Advancing radiopharmaceutical development: Preclinical precision meets a new era of FDA oversight

Radiopharmaceuticals have rapidly evolved from a specialised therapeutic niche into a cornerstone of modern oncology. By combining molecular targeting with controlled radiation delivery, they add a new dimension to precision medicine, enabling both targeted treatment and quantitative imaging.

The clinical success of Lutathera for neuroendocrine tumours and Pluvicto for metastatic prostate cancer showed that radioligand therapies can achieve durable responses in patients who previously had limited options. Advances in isotope chemistry, conjugation design, and imaging analytics have broadened the field’s reach, drawing strong interest from established pharmaceutical companies and emerging biotech innovators.

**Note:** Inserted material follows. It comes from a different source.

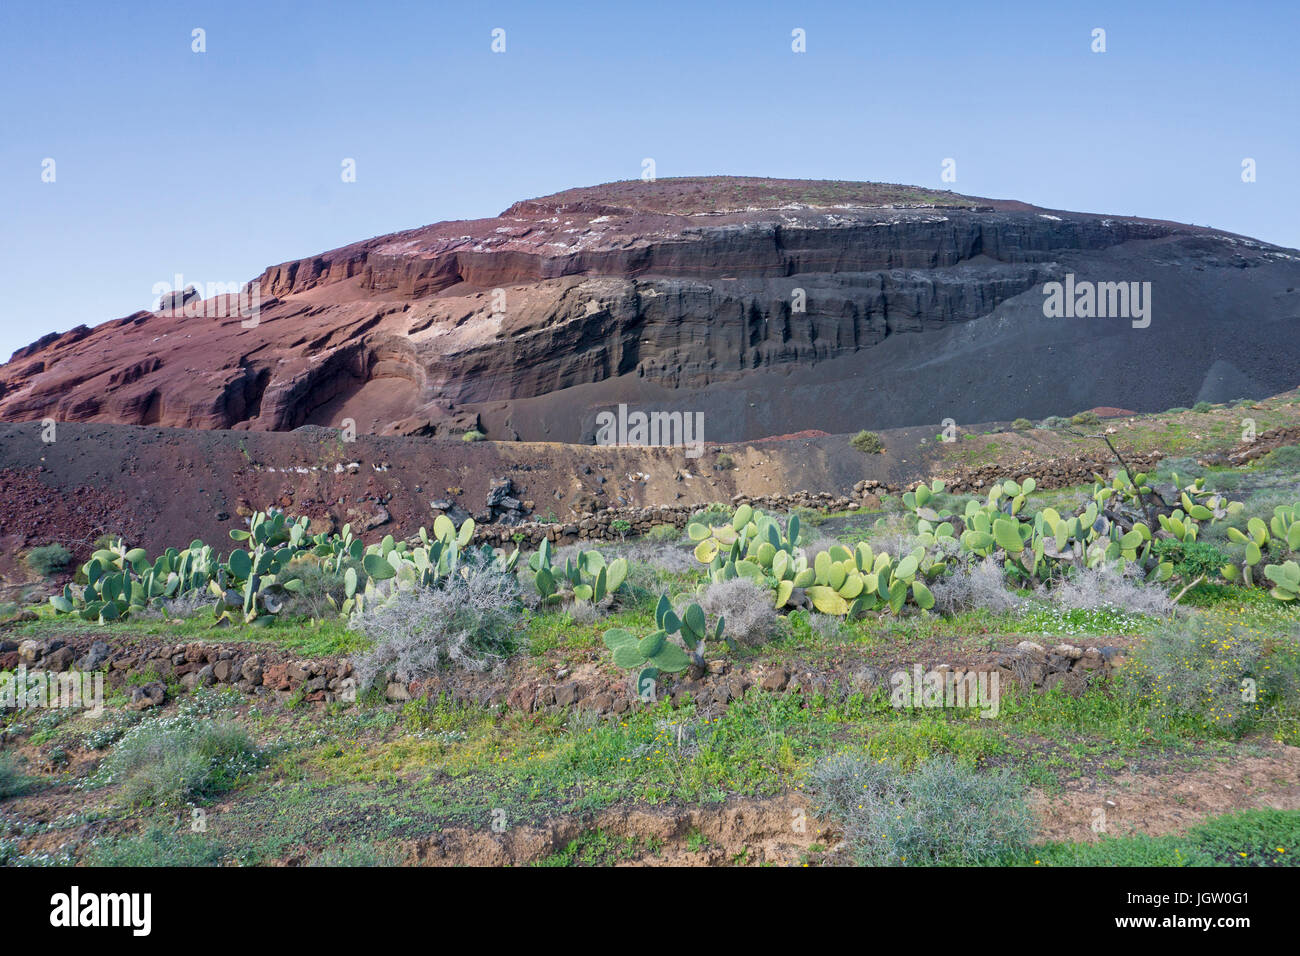 Cactus field in front of a stone pit, Femes, Lanzarote island, Canary islands, Spain, Europe Stock Photo

Regulatory science is evolving in step with this innovation. The FDA now emphasises a continuum linking discovery, preclinical research, and clinical translation within a single, evidence-driven framework. Its 2025 draft guidance, Oncology Therapeutic Radiopharmaceuticals: Dosage Optimization During Clinical Development, introduces new expectations for how sponsors justify administered activity, optimise dosing, and model patient-specific exposure. The guidance moves beyond fixed-dose paradigms, encouraging individualised dosimetry and adaptive study designs supported by robust translational data.

This shift builds on earlier FDA frameworks that defined how biodistribution, dosimetry, and safety data could support early human evaluation. The emphasis has now moved toward integration, combining preclinical modelling, quantitative imaging, and early clinical data to inform dose justification in real time.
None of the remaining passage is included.